It looks like you're new here. If you want to get involved, click one of these buttons!
This is an article about a technical issue, but basically it's about a heroic attempt to deal with the impossible.
At the risk of appearing presumptuous, I would like to share these experiences with you: It's about establishing automated user interface tests.
I owe you an explanation why I called this "impossible": The general theory of a test is to stimulate the system unter test with some known input.
Provided, the system behaves in reproducible way, we can then compare the system's output with a nominal output and apply some suitable
pass/fail criterion to mark the test as being passed successfully or now. That, at least, is the theory.
For a classical software test, this principle holds well. But the theory tends to neglect an important issue: the choice of the
test cases, the way how and against what nominal output the system's response is compared against is a manifestation of an engineering process.
What is tested and how response is checked against what should be guided by a specification or a wider system knowledge.

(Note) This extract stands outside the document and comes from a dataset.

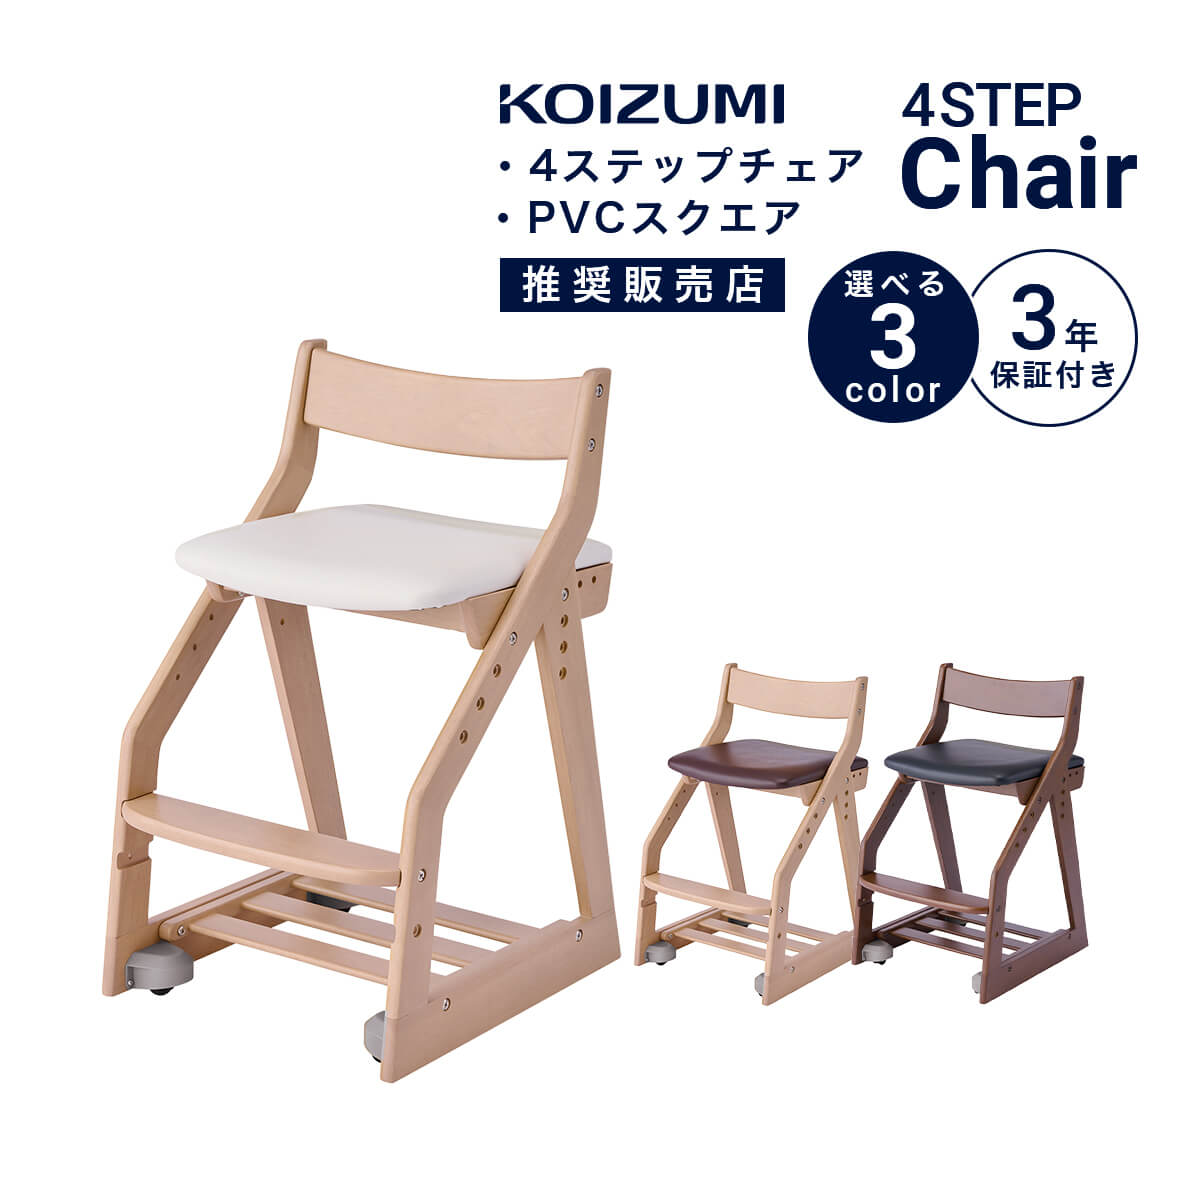  学習椅子 KOIZUMI 姿勢 学習イス コイズミ 木製椅子 キッズ PVCレザー 板座 4ステップチェア ラバーウッド 高さ調節 スノコトレー キャスター付き 足元収納付き KDC-461MOWH KDC-462MODB KDC-463WTBK 幅41 「商：小」「才：3」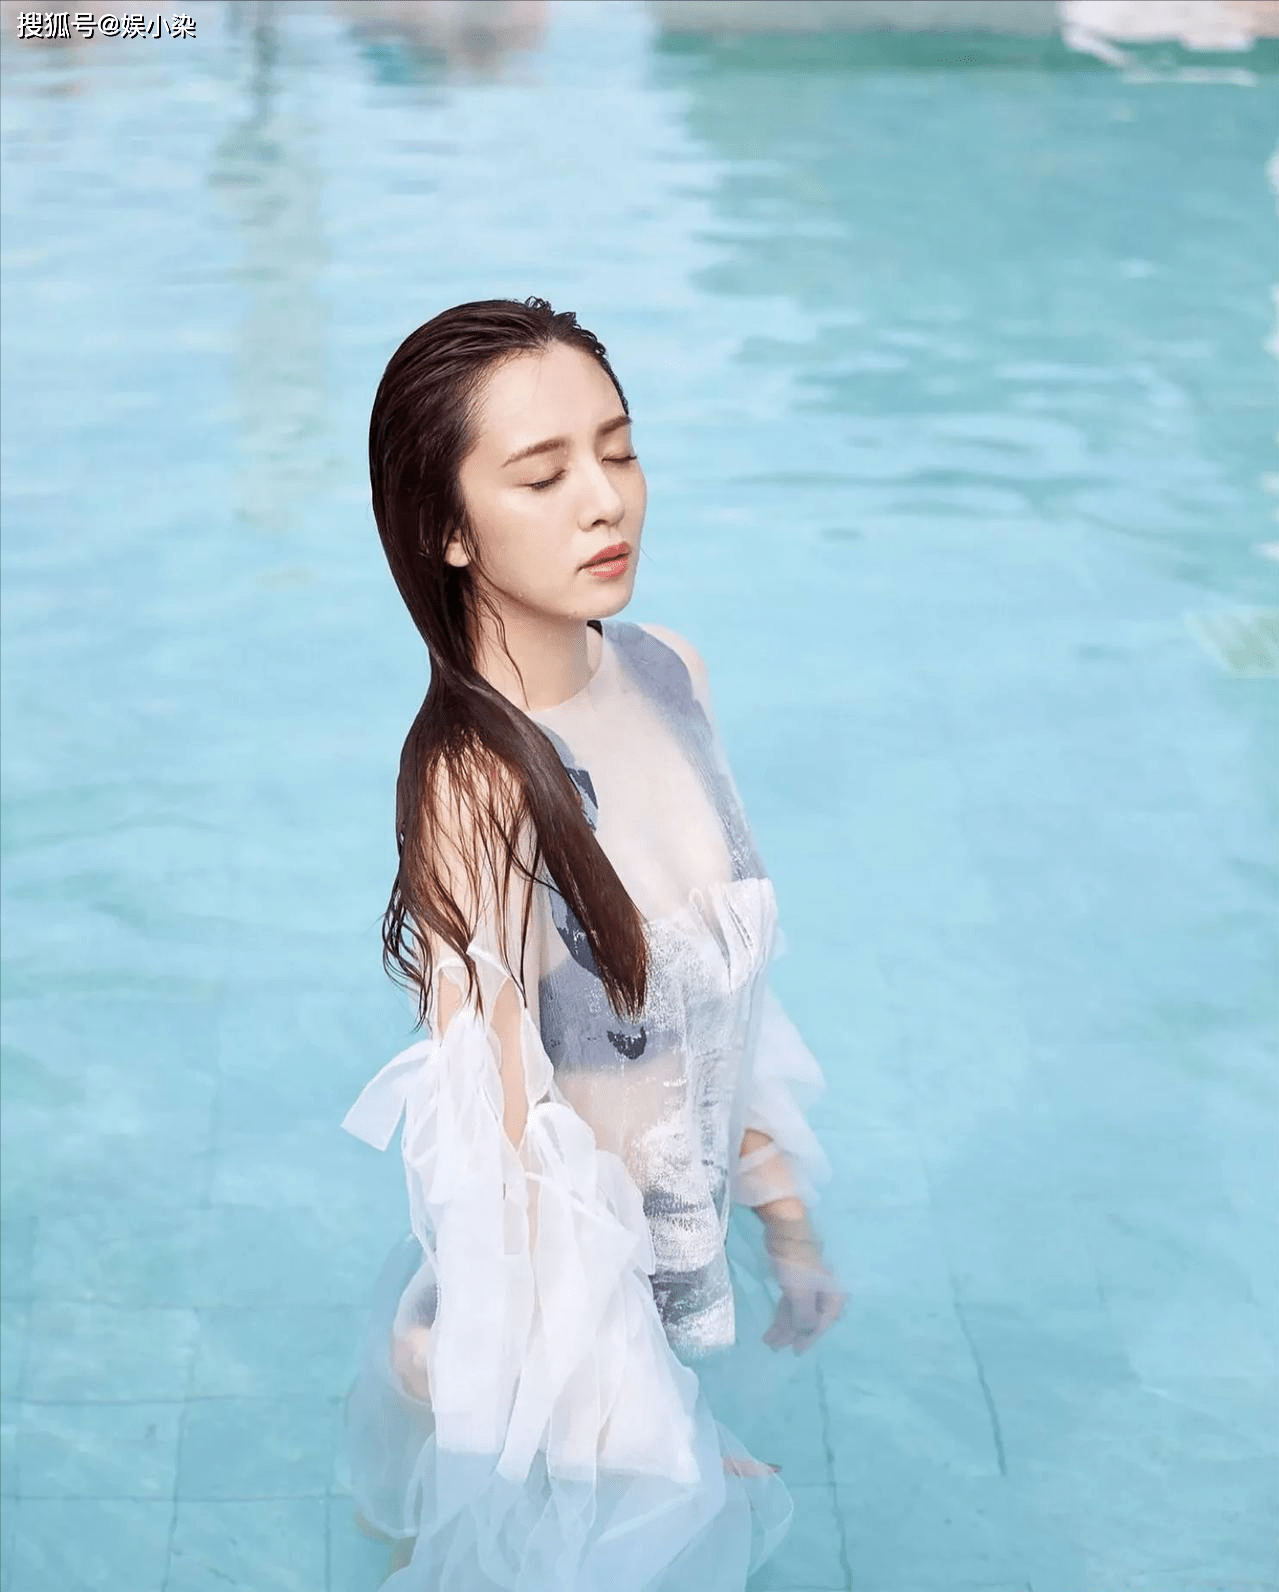 31岁的王晓晨有多美?当她的泳装照片流出来,被赞看起来旺夫

Thus,
the test is reflecting the "important" aspects of the system while putting less emphasis on the less important aspects.
Why is this important? The answer is: because that choice reflects the freedom of implementation. And that is basically what makes up
engineering. A system should meet the requirements laid down in a specification. What is not part of the specification
should be left to the implementor and ideally this freedom will be used to find a solution that is simple and effective.
A test should focus on the specification and not the implementation details.
That is not a new concept: it is the basis of the test driven software engineering approach. Programmers, being particular lazy, tend
to adopt such methods quickly and use the implementation freedom to minimize their coding efforts. In addition, to focus the testing on the
important aspects enables refactoring - a technique, where code is frequently reorganized or even rewritten. Being the opposite of the
"never change a running system" principle, refactoring can be a very effective way of keeping code maintainable, provided there
is a good test coverage and a high tolerance of tests for irrelevant implementation side effects.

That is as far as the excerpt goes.